- Born: 1984 or 1985 (age 41–42) Rhode Island, United States
- Education: University of Rhode Island '07; University of Southern California '12;
- Occupation: Film editor
- Years active: 2013–present
- Known for: Black Panther (2018); Sinners (2025);
- Children: 1

= Michael Shawver =

Film editor

Michael P. Shawver (born ) is an American film editor who is known for his longtime collaboration with director Ryan Coogler. Shawver was nominated for an Academy Award for Best Film Editing for his work on Coogler's 2025 film Sinners.

Shawver met Coogler at the USC School of Cinematic Arts and began editing Coogler's student films, including the HBO-aired short "Fig". He went on to co-edit Coogler's major feature films, including Fruitvale Station (2013), Creed (2015), Black Panther (2018), and Black Panther: Wakanda Forever (2022). Their collaboration continued with Sinners, marking 15 years of partnership. Outside of his work with Coogler, Shawver has edited a range of feature films, including A Quiet Place Part II (2020), Honest Thief (2020), Blacklight (2022), and Abigail (2024).

==Early life and education==
Shawver was born around and grew up in North Providence, Rhode Island.
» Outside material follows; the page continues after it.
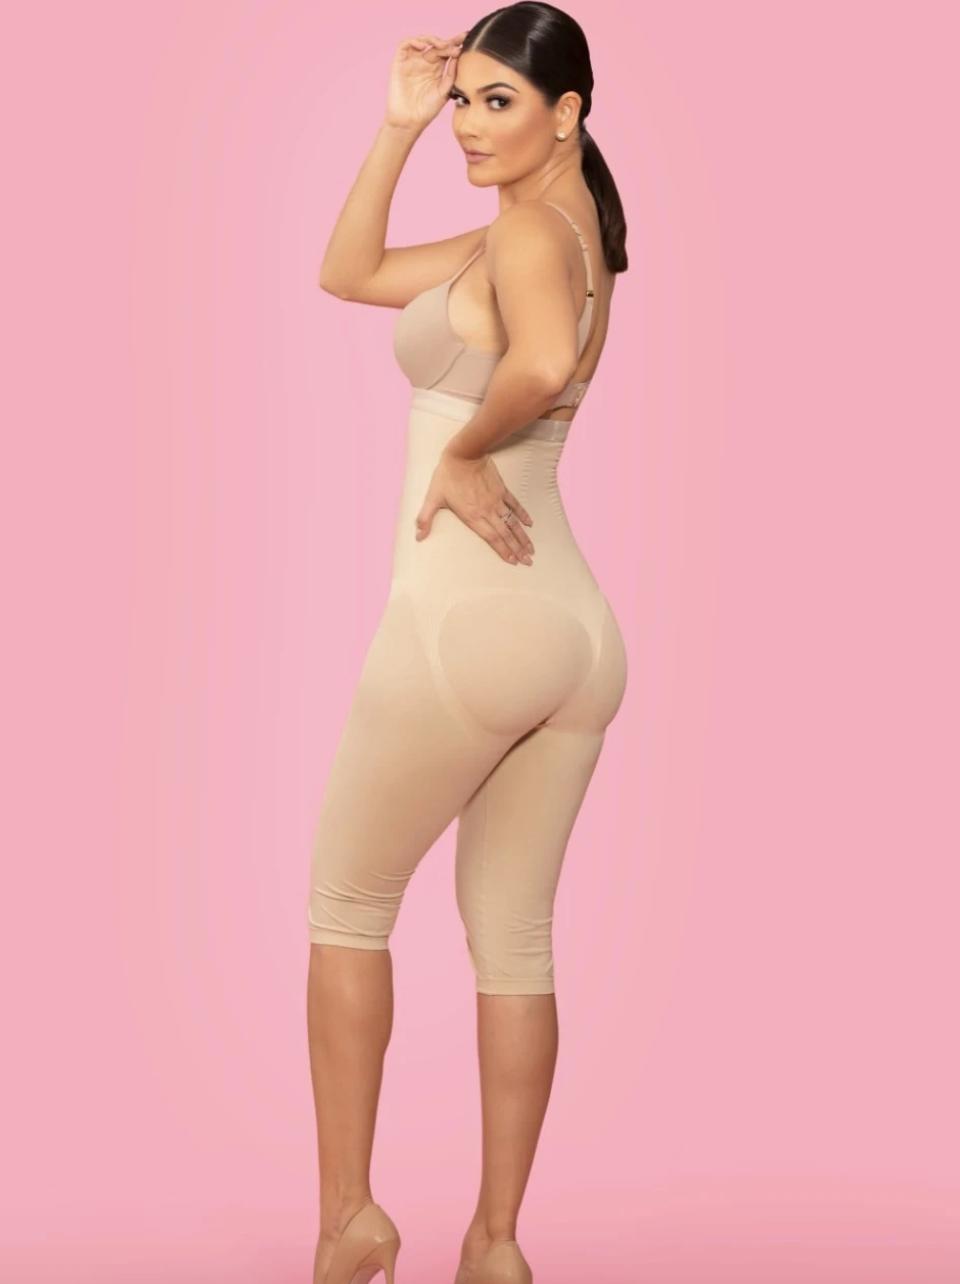 Ana Patricia, coleccion de fajas, fajas, modelando fajas

He went to Greystone Elementary School then Ponaganset High School. Growing up, he had weekly family movie nights with his parents and older sister, through which he began to love films. At 12 years old, he made films with a VHS camcorder.

He went to the University of Rhode Island, where he majored in communications studies. He graduated from URI in 2007, and he searched online for "best film schools in the world" and decided to go to the Los Angeles–based USC School of Cinematic Arts. At USC, he enrolled in the Master of Fine Arts program. He met Ryan Coogler in 2009 in a directing class, learned about Coogler's short films in the making, and asked to help edit them. Shawver edited Coogler's student films, including "Fig", which aired on HBO. Shawver completed the MFA program in 2012.

As of 2025, he lives in Woodland Hills, California.

==Career==
Shawver's first feature-film credit as editor came when Coogler began work on his first feature film Fruitvale Station with Claudia Castello involved as editor. Coogler recruited Shawver, and Castello and Shawver worked as a team. The two collaborated as editors again for Coogler's follow-up Creed. For Coogler's third feature film Black Panther, Shawver teamed with Debbie Berman, and the two worked on editing over 500 hours' worth of footage. Since Berman was one of the editors for the 2017 film Spider-Man: Homecoming, Shawver learned from her how to work with visual effects in editing.

Shawver collaborated with Coogler again on the 2025 film Sinners, a project that marked their 15-year partnership. He was nominated for an Academy Award for Best Film Editing at the 98th Academy Awards.

Shawver says he wants to write and direct a film set in his home state of Rhode Island.

==Filmography==

Shawver's editing credits
| Year | Title | Notes | Ref. |
| 2013 | Fruitvale Station | Edited with Claudia Castello |  |
| 2014 | Tell |  |  |
| Warren |  |  |
| 2015 | 4th Man Out |  |  |
| Creed | Edited with Claudia Castello |  |
| 2017 | All Summers End |  |  |
| Dirty Dancing |  |  |
| 2018 | Black Panther | Edited with Debbie Berman |  |
| 2020 | A Quiet Place Part II | Commercial release in 2021 |  |
| Honest Thief |  |  |
| 2022 | Blacklight |  |  |
| Black Panther: Wakanda Forever | Edited with Kelley Dixon and Jennifer Lame |  |
| 2024 | Abigail |  |  |
| 2025 | Sinners |  |  |

Shawver has also worked as an additional editor for the films Godzilla: King of the Monsters (2019), Lansky (2021), Creed III (2023), Better Man (2024), and I Know What You Did Last Summer (2025).